Rebecca and Robert, a businessman, have five children - Caleb (16), 14-year-old Kyler, Carina (12), Coralie (11) and Contessa (8) - and the two oldest boys are adopted.
They also had two miscarriages and an adopted baby girl with special needs, Cassandra Grace (Cassie), who died when she was just over a month old.
"Cassie had DiGeorge Syndrome, otherwise known as velocardiofacial syndrome (VCFS), which would be regarded as a fatal feotal diagnosis," Rebecca said.
"She spent 12 days in children's hospitals and 21 days in our home and a doctor took her off oxygen when she wasn't ready to breathe and she stopped breathing."
Although she lost her adoptive parents as a result of finding her biological mother, Rebecca said she and Robert haven't concealed what happened from the children.
"They know their biological grandfather was a bad man who hurt Grandma and I don't see any reason to hide that from them," she said.
She added that Robert - whom she met when she was a practising attorney - is completely behind the pro-life activities which she is defined by.
"It's funny that I'm the one who's known for the Kiessling name when it's not even my name - my maiden name is Wasser," she said.
As an international pro-life speaker, Rebecca's uncompromising views on abortion are well-known - if also rejected and derided by detractors - across the world.
She believes, for instance, that Northern Ireland - which is the only part of the UK where a termination is illegal under almost all circumstances - should be proud of its anti-abortion stance.
And she said she was "thrilled" that the Stormont Assembly recently voted against allowing for terminations in cases of fatal foetal abnormality and sexual crime.
"Amnesty International wants abortion on demand for any reason and they always start with this, knowing that it will be the gaping loophole to allow abortions for any reason," she said.

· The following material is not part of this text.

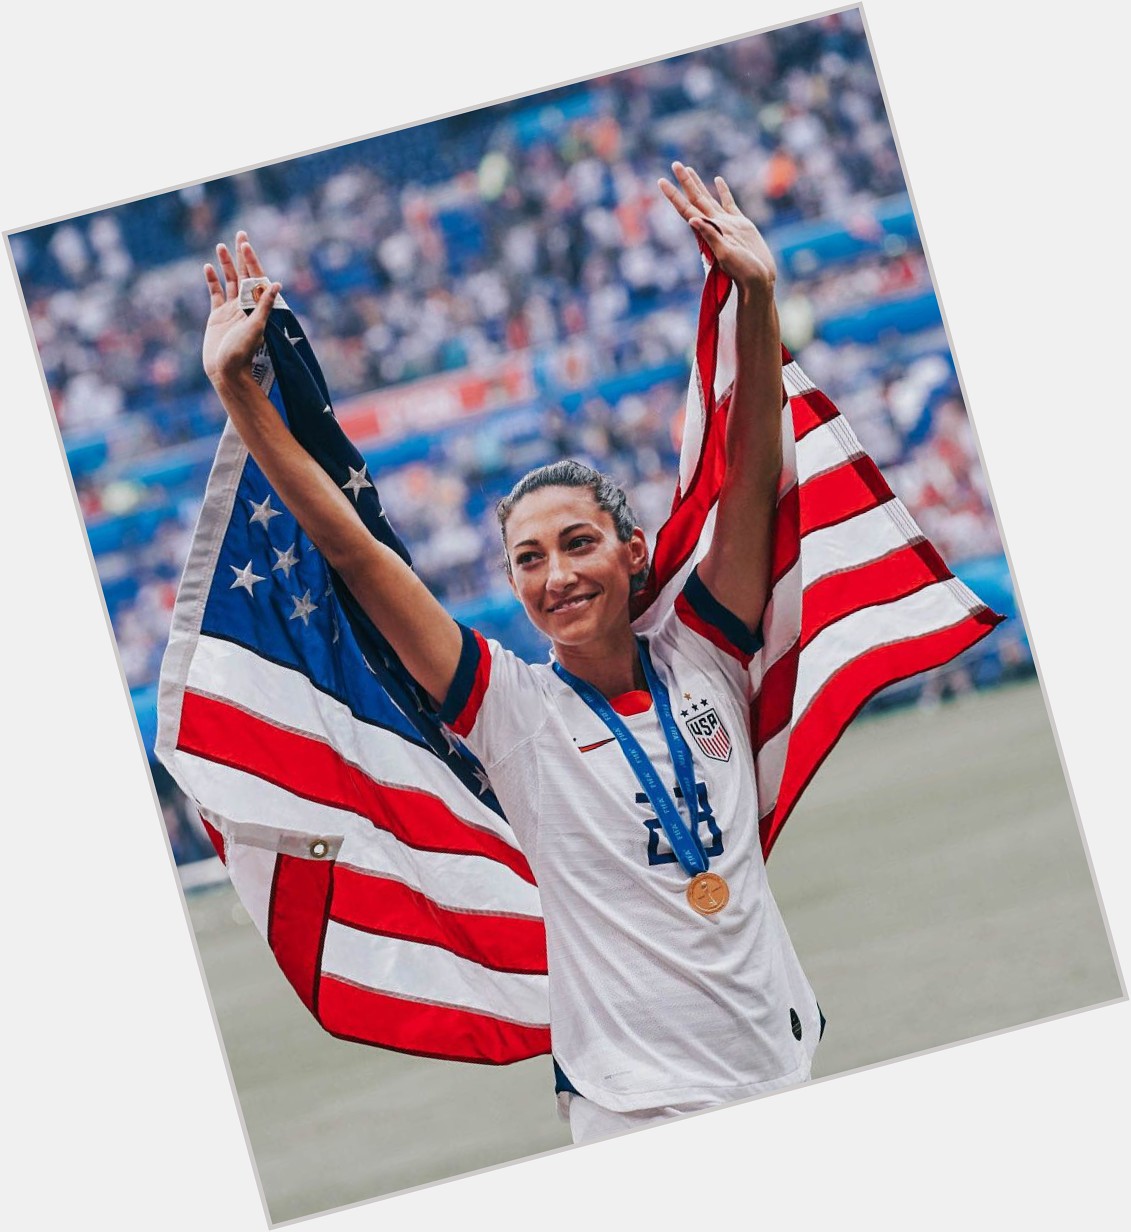 Happy birthday two time world cup champ Christen Press. 31 never looked better.

"Children like me who are conceived in rape have every bit as much value as everyone else and we deserve to be protected.
"This is a human rights issue. I did not deserve to die for the crimes of my biological father."

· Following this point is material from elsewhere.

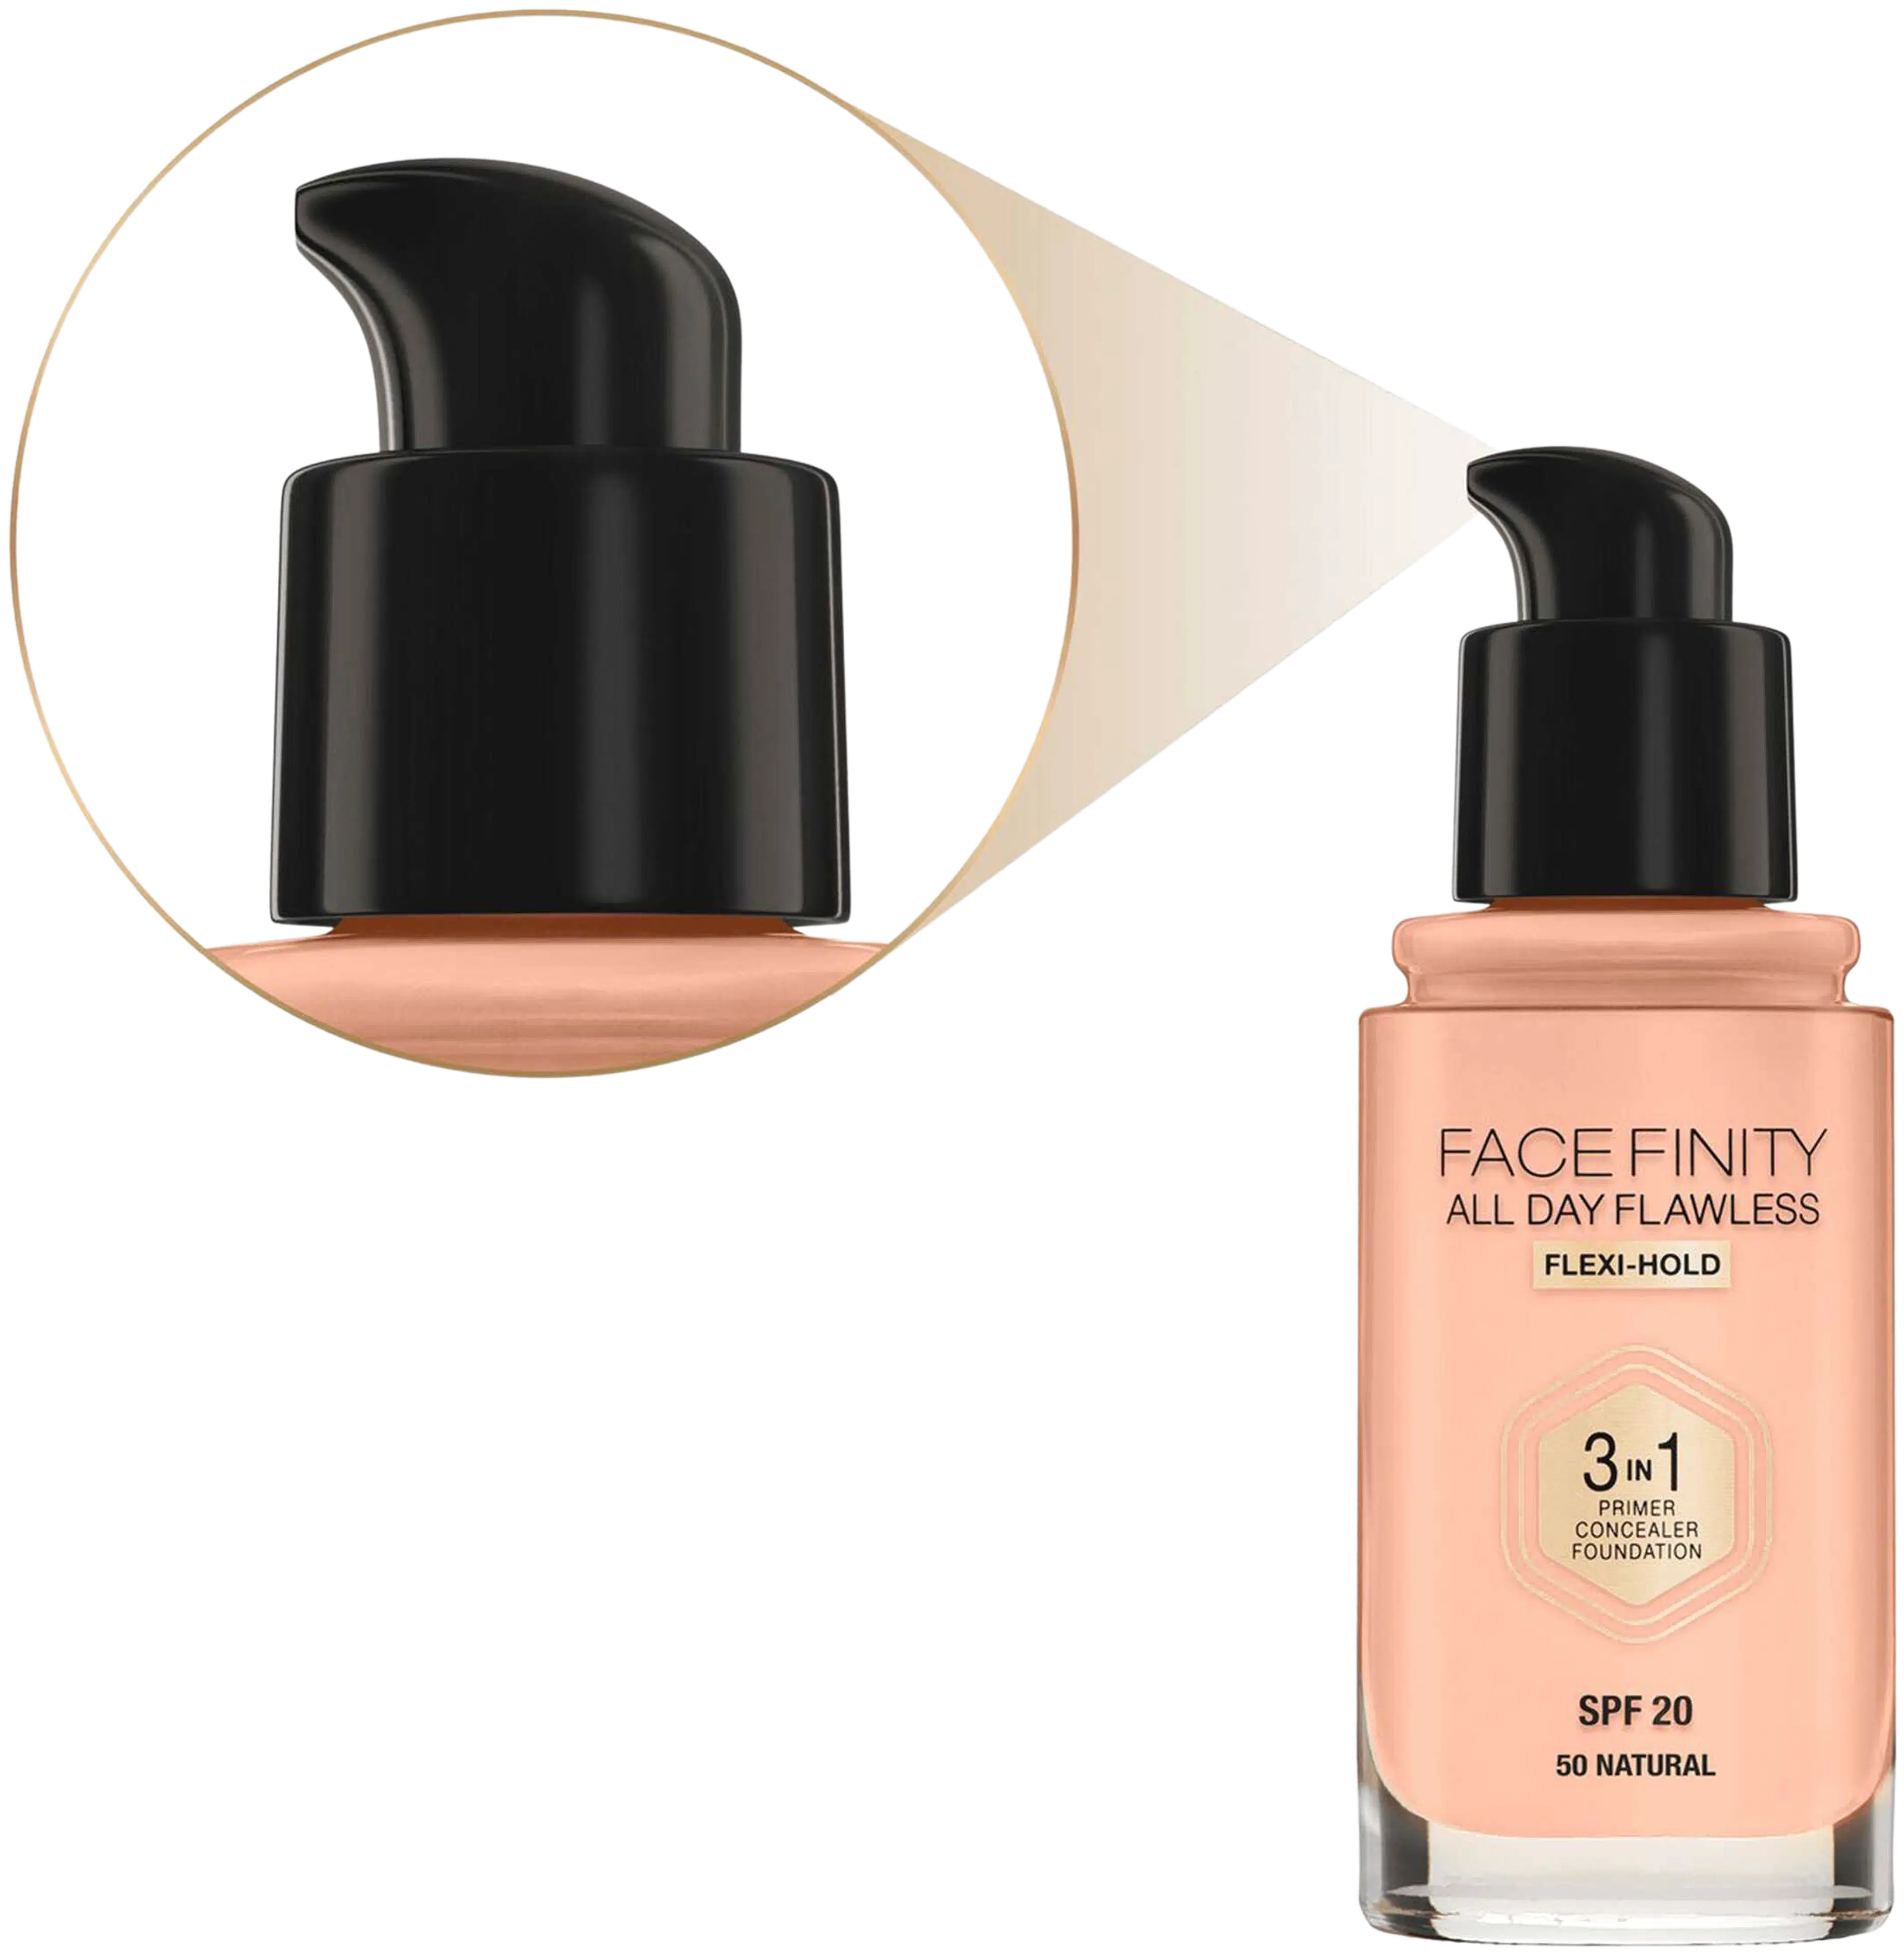 Max Factor Facefinity All Day Flawless 3in1 Foundation 50 Natural 30ml

She added: "What kind of civilisation punishes a child for someone else's crime? That's draconian, and unjust."
In response to a recent high-profile local case, where a young woman was handed a suspended prison sentence for self-terminating a pregnancy using pills bought online, Rebecca said Northern Ireland women should be granted immunity from prosecution if they testify against the supplier. But she stressed that doctors here should be prosecuted for, in effect, "taking out a contract on someone's life" by recommending abortions.
Rebecca accepts that her own mother initially hadn't wanted her and concedes that seeing her every day may have served as an awful reminder of the worst day of her mum's life, but she remains fixed on the issue of abortion.
"It is never the only solution," she said, adding that a number of women from Northern Ireland have approached her for guidance.
"There are some extreme cases when they do know the child is going to die at birth, or sometimes won't make it to birth, but that doesn't mean you kill the child.
"You're going to die, I'm going to die, we're all going to die. Does that mean kill us all now because life is hopeless?
"Should we round everybody up and start doing mass suicide ceremonies?"
Although her mother's attacker has never been caught, Rebecca revealed that she is close to finding him herself via modern-day DNA evidence.
"Through AncestryDNA.com I've narrowed it down to three possible brothers who live in the next town over from where I was conceived," she said.
"I know for a fact that two of them lived in the same city that I was conceived in at the time I was conceived.
"All three of these men who are potentially my father are still alive. They got to live their lives. Why wouldn't I get to live my life?
"What's very interesting is that Amnesty International is completely against the death penalty, so there's complete hypocrisy there."
She says the next step is to approach these individuals privately and ask each of them to do a DNA test.
"If these guys aren't willing to do that then I'll have to figure out what I'm going to do because I want to know who my father is" she added.